(SEO This Week) – With all the different SEO audit tools and webmaster tools that exist there is bound to be some measurements that apply to the one that may not apply to others. After all, SEO is so subjective anyway beyond the basic implementations, it’s bound to happen.
A Twitter user found one such difference while using the Bing Webmaster Tools site audit feature and got a message saying that “HTML size too long” and so, logically, he asked Google’s John Mueller if it also applied to Googlebot.
@JohnMu Sir – Does Google have a limit on crawling long pages – Bing Flags some of our long posts as “HTML Size is too long.”
— Kanuj⚡ (@kanuj5678) December 8, 2021
Bing has a soft limit of 125 KB (HTML page) – any such requirements from Google or is it best to paginate very long articles? https://t.co/oyw22IhapB pic.twitter.com/eTtthdhBWx
John’s reply was as expected.
We don’t have a documented limit, last I saw someone check it was 10’s-100’s of MB, so I wouldn’t worry about that. Giant HTML pages do slow things down, so it’s probably still something to keep on your to-do list.
— 🐄 John 🐄 (@JohnMu) December 8, 2021
Based on the text of John’s answer, he did the same Google search I had to do in order to see if there was actually a documented limit of the page size.
Turns out, the last study (term used loosely) was in 2015 when someone submitted a copy of Pride and Prejudice to Google and the search engine only indexed a part of it. The same user did a search again in 2017 and the status hadn’t changed.
This supports information a deleted Google documentation page that places size limits at 30MB (anything bigger is completely ignored) and an HTML size limit of 2.5MB (which we know they are not following anymore as modern web page development are making bigger sites).
So if there isn’t an official HTML size limit, but we know Google isn’t indexing full documents over a given size, what is that size?
Well, it turns out, it’s around 180,000 words.

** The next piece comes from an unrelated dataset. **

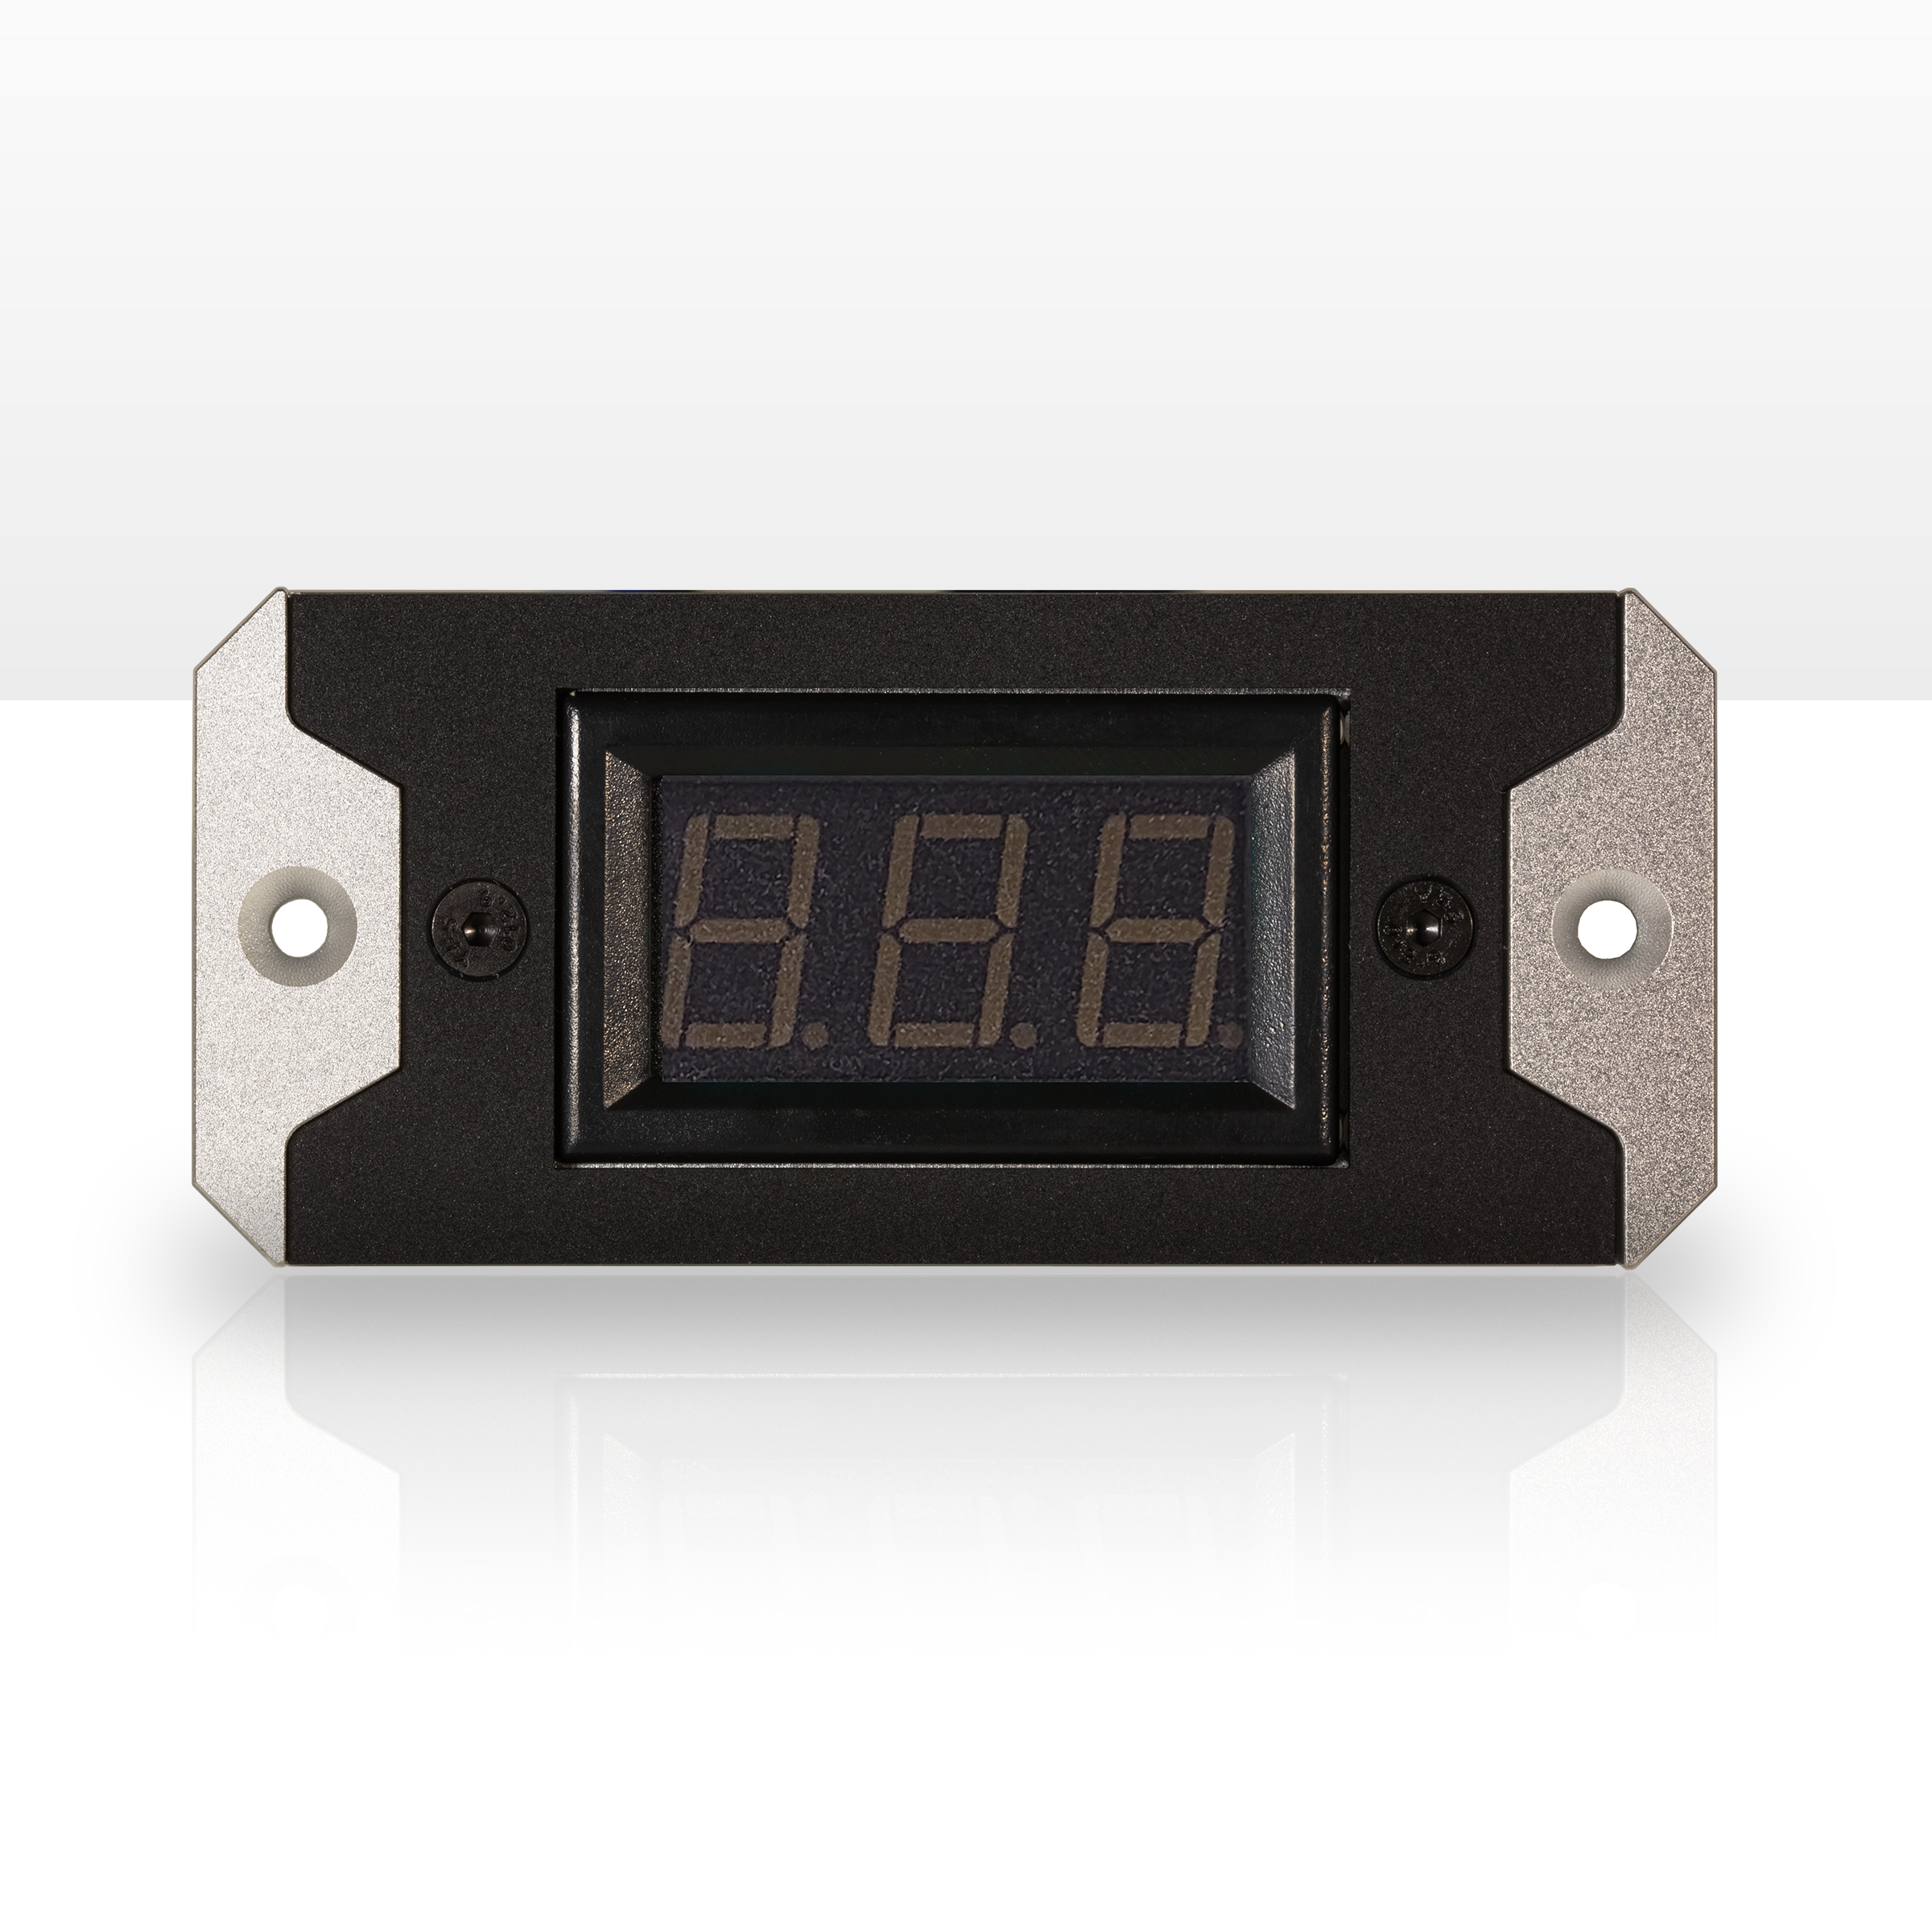 New Billet Aluminum Remote Display Ammeter for The Conductor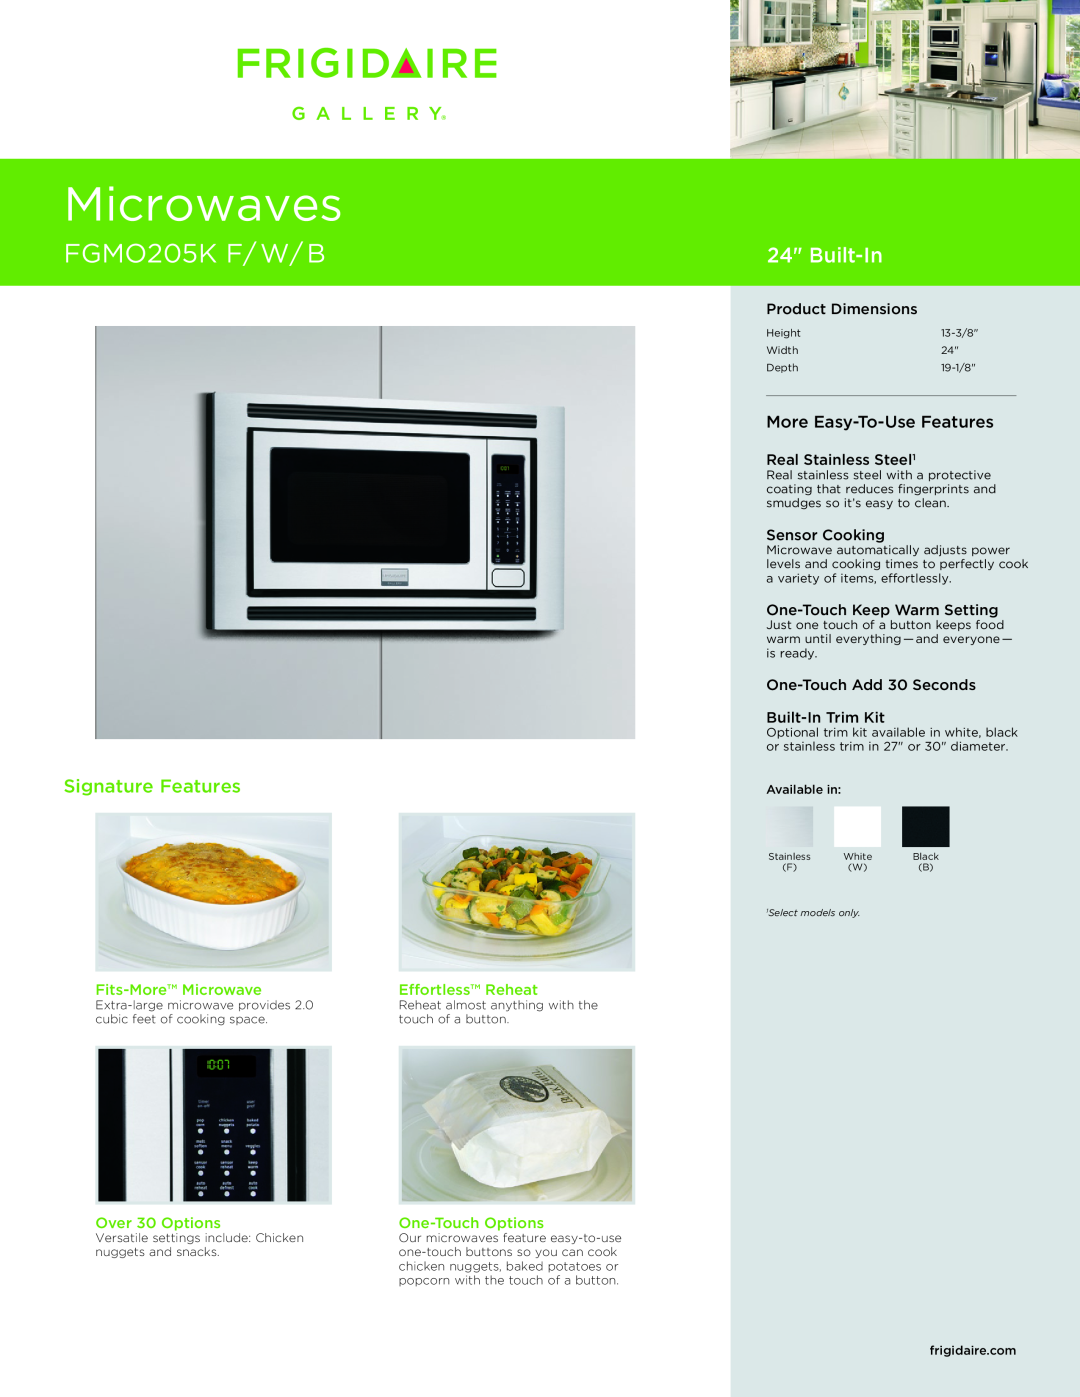 Frigidaire FGMO205K manual Fits-MoreMicrowave, Effortless Reheat, Over 30 Options, One-TouchOptions, Product Dimensions

Ted Kubaitis from seotoollab.com and Lee Witcher conducted a test by putting 1 million test keywords on a page and Google indexed the top 180K of them and took 48 hours and they indexed in order from the top down. The test keywords ranged from 7 to 16 characters in length with a white space in between.
Kubaitis summarized that “There are likely multiple limits in play. There is a character limit which is how big a page can be because the HTML specification doesn’t set any limits so a web page can be any size and still be valid HTML. From an engineering point of view, you have to set practical limits. John is likely referring to this first engineering limit where the Page can be 10s of MB and still get fully loaded by GoogleBot. That doesn’t mean there aren’t other limits too further into the process. The indexing limit is probably a second limit being used.”